Use get_array to read CSV. Then convert to JSON.


import pyexcel as pe
import json

# Convert CSV to JSON
data_array = pe.get_array(file_name='data.csv')
json_output = json.dumps(data_array)

print("CSV converted to JSON:")
print(json_output)

CSV converted to JSON:
[["Name", "Age", "City"], ["John", 30, "New York"], ["Alice", 25, "London"], ["Bob", 35, "Tokyo"]]

CSV headers become JSON keys. Data rows become array elements.

Convert JSON to CSV

Store JSON data as CSV file. Use the array parameter with save_as.

Pass your JSON data as a list. Save it as CSV format.


import pyexcel as pe

# JSON data to convert
json_data = [
    ["Product", "Price", "Quantity"],
    ["Laptop", 999, 5],
    ["Mouse", 25, 20],
    ["Keyboard", 75, 15]
]

# Convert JSON to CSV
pe.save_as(array=json_data, dest_file_name='products.csv')

print("JSON converted to CSV successfully")

JSON converted to CSV successfully

This creates a CSV file. It contains your JSON data in tabular form.

Handling Large Files

pyexcel works with large datasets.
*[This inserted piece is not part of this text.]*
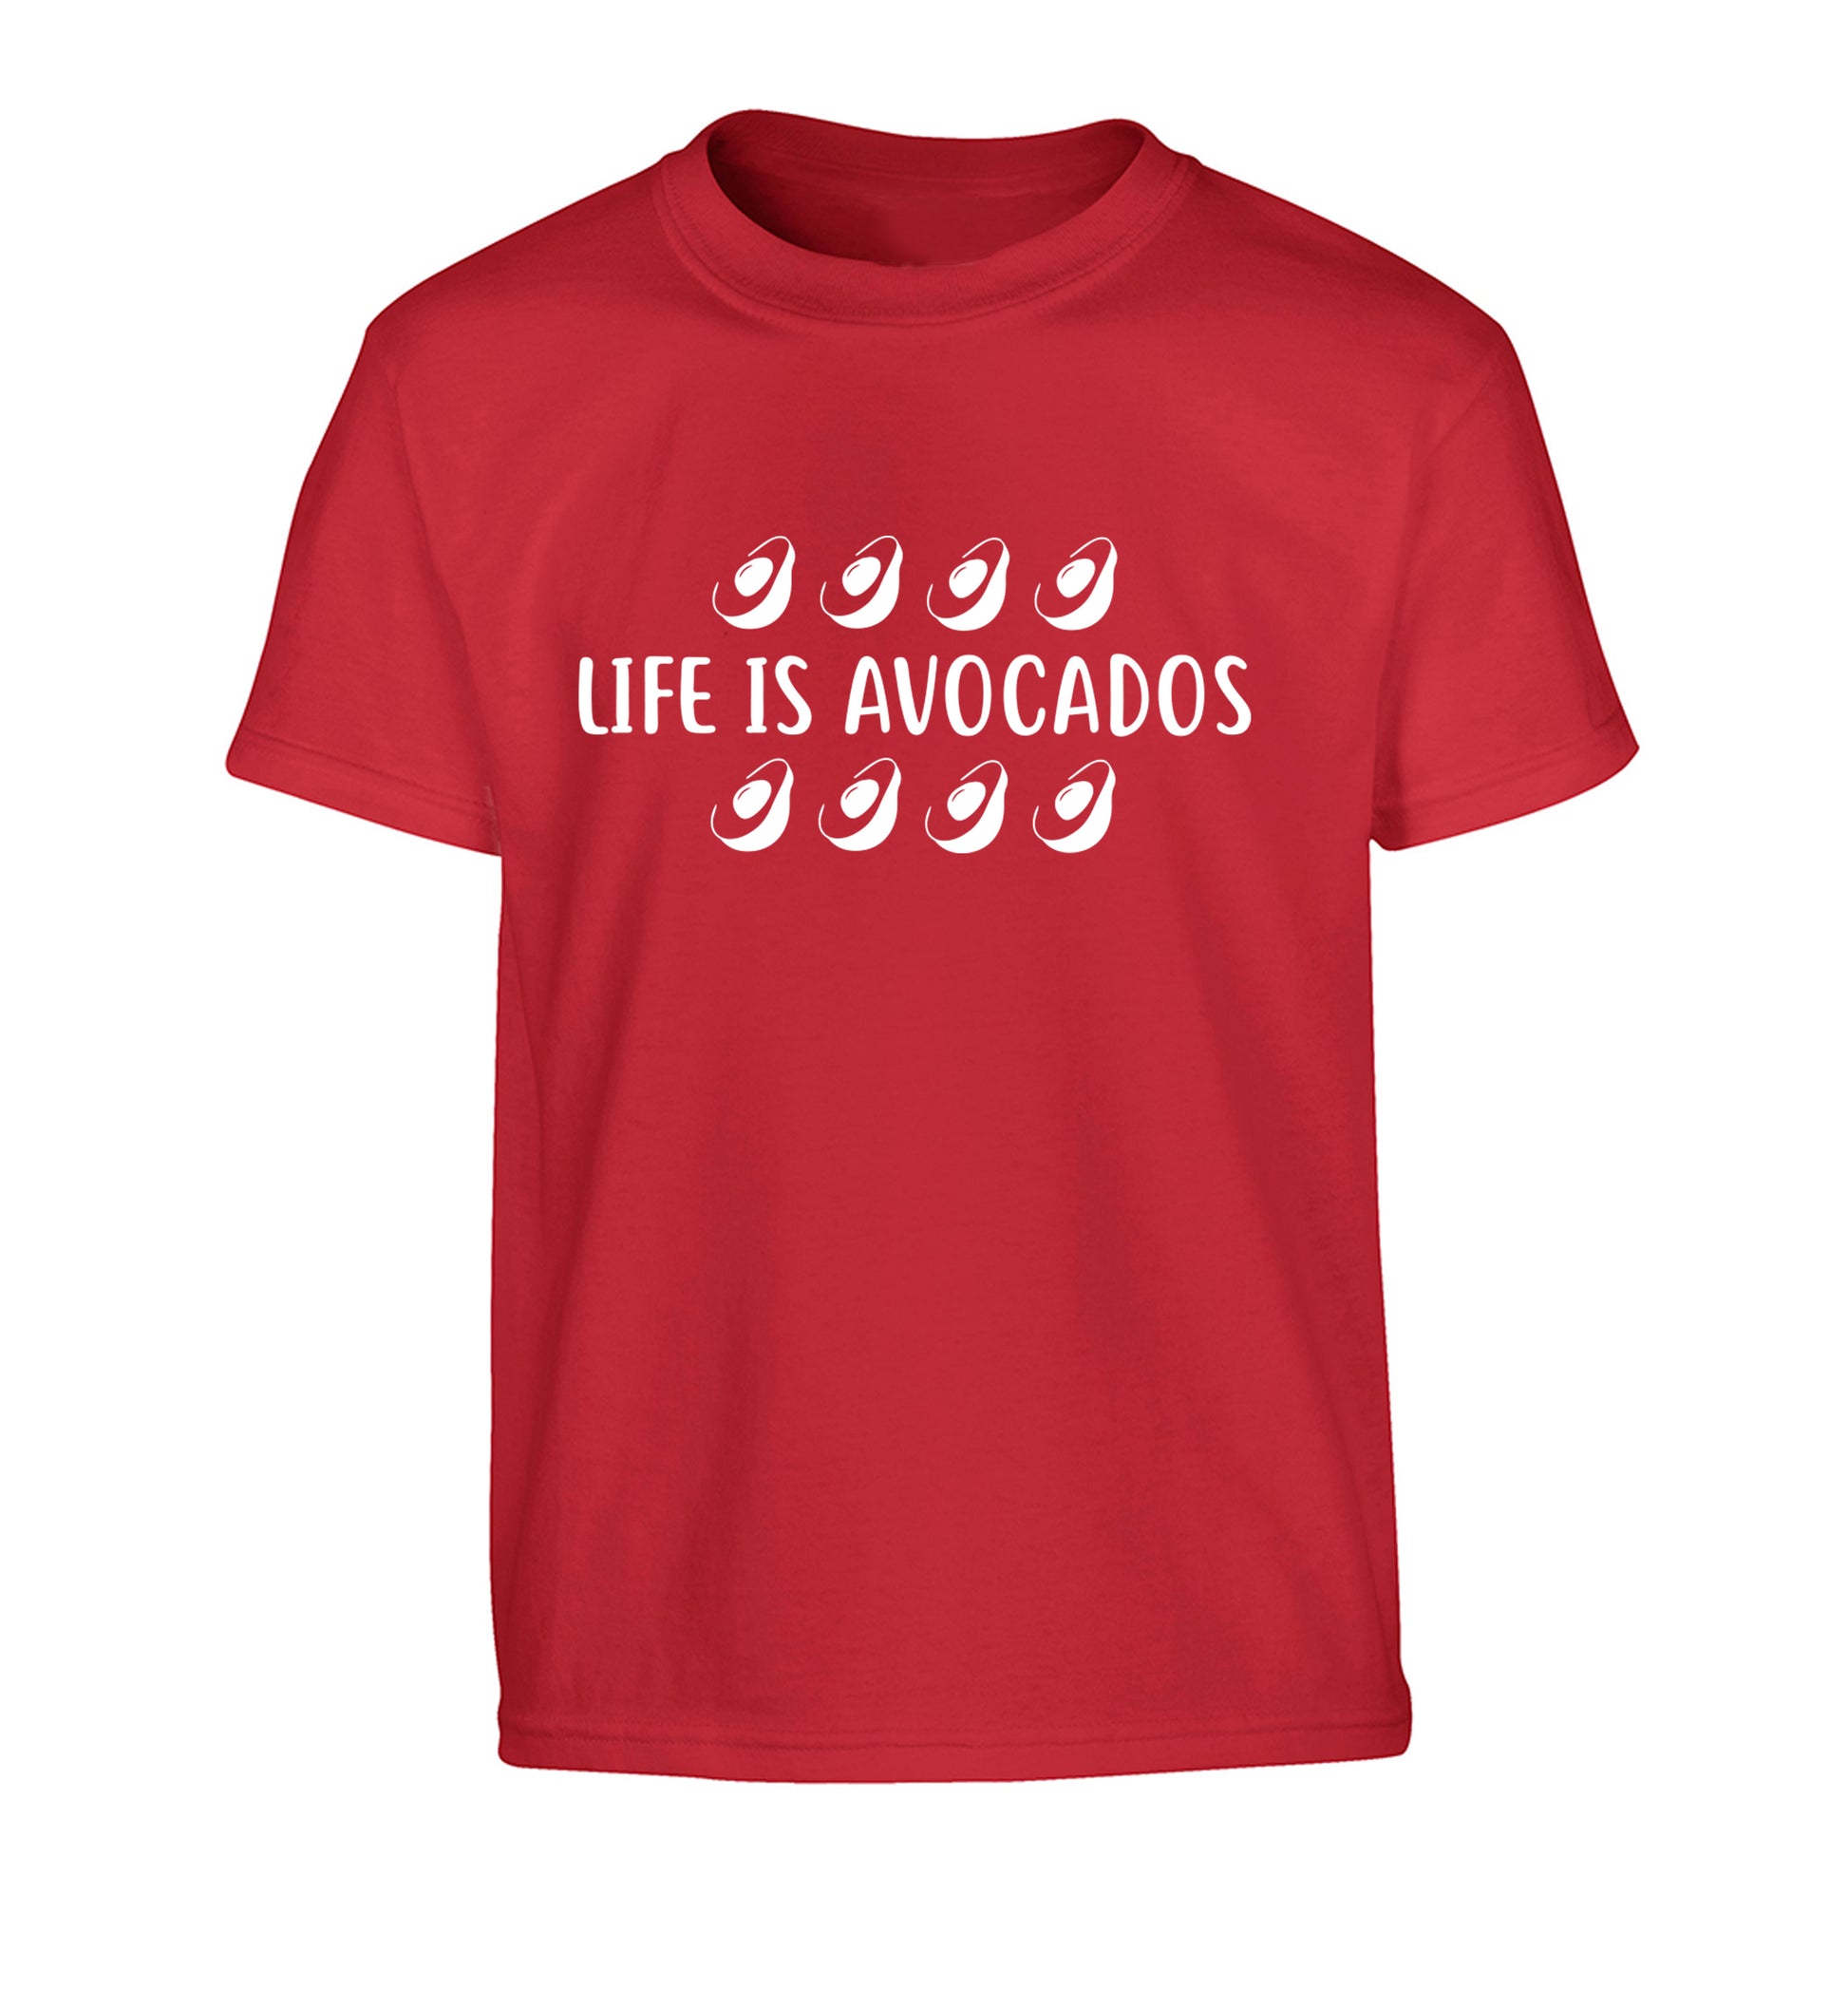 Life is avocados Children's red Tshirt 12-14 Years

It processes data efficiently.

Use streaming for big files. This prevents memory issues.

Read files in chunks. Process data incrementally.

Error Handling

Always include error handling. This makes your code robust.

Use try-except blocks. Catch common file errors.


import pyexcel as pe

try:
    pe.save_as(file_name='missing.csv', dest_file_name='output.xlsx')
    print("Conversion successful")
except FileNotFoundError:
    print("Error: Source file not found")
except Exception as e:
    print(f"Conversion failed: {str(e)}")
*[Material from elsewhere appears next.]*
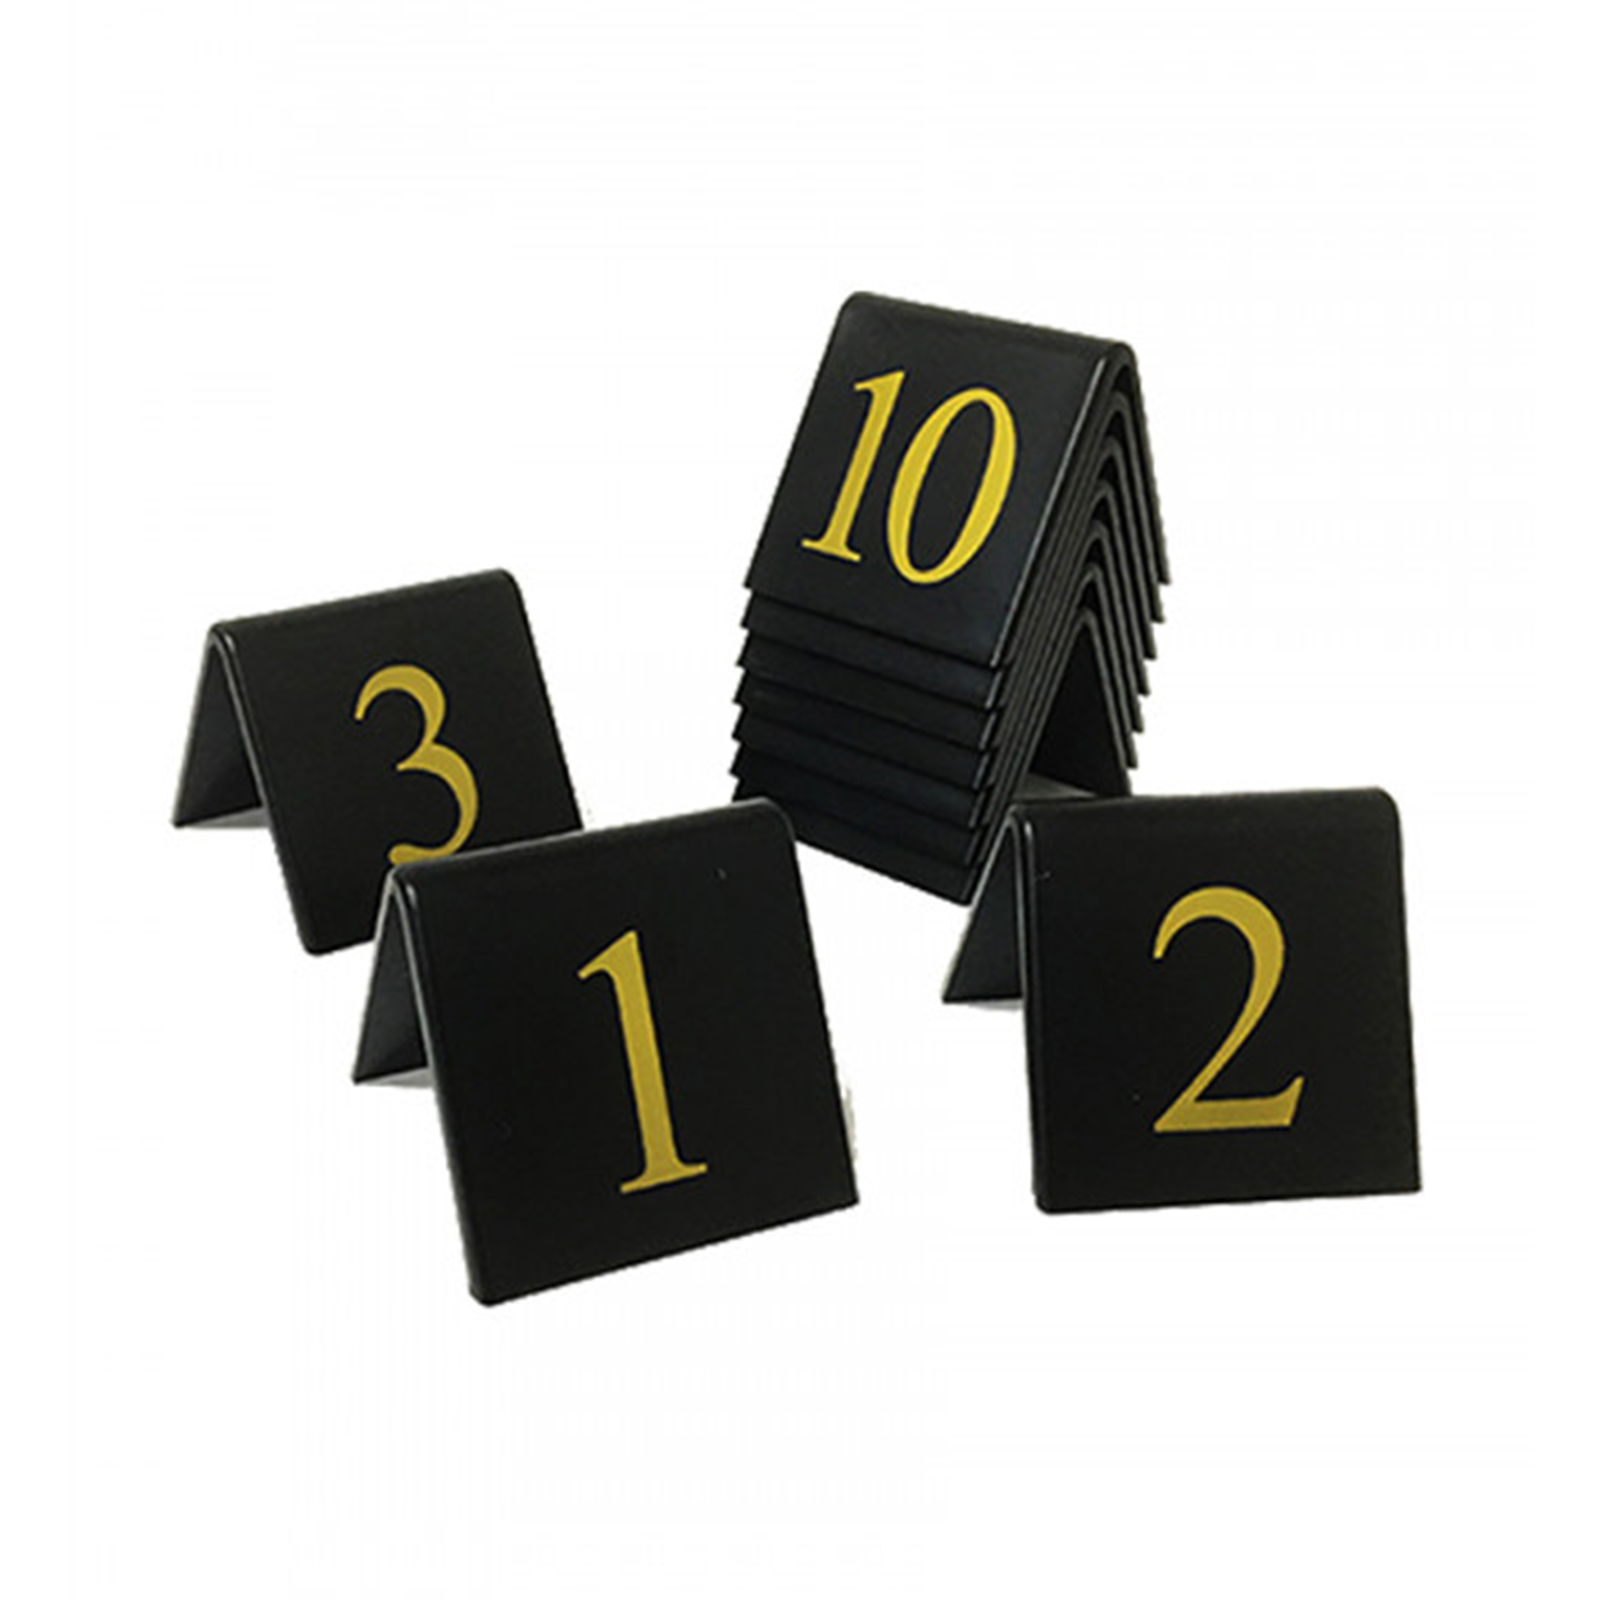 PLASTIC TABLE NUMBERS SET 11 TO 20 Restaurant cafe

Error: Source file not found

Proper error handling prevents crashes. It provides helpful messages.

Best Practices

Follow these tips for better code. They improve reliability.

Always check file existence. Validate data before conversion.

Use meaningful file names. Include error handling as shown.

Test with sample data first. Then use production files.

Conclusion

pyexcel simplifies format conversion. It handles CSV, XLSX, and JSON seamlessly.

You learned key conversion methods. These include save_as and get_array.

The examples show practical usage. You can apply them directly.

pyexcel is powerful for data processing. It saves time and effort.

Start using these techniques today. Enhance your data workflow.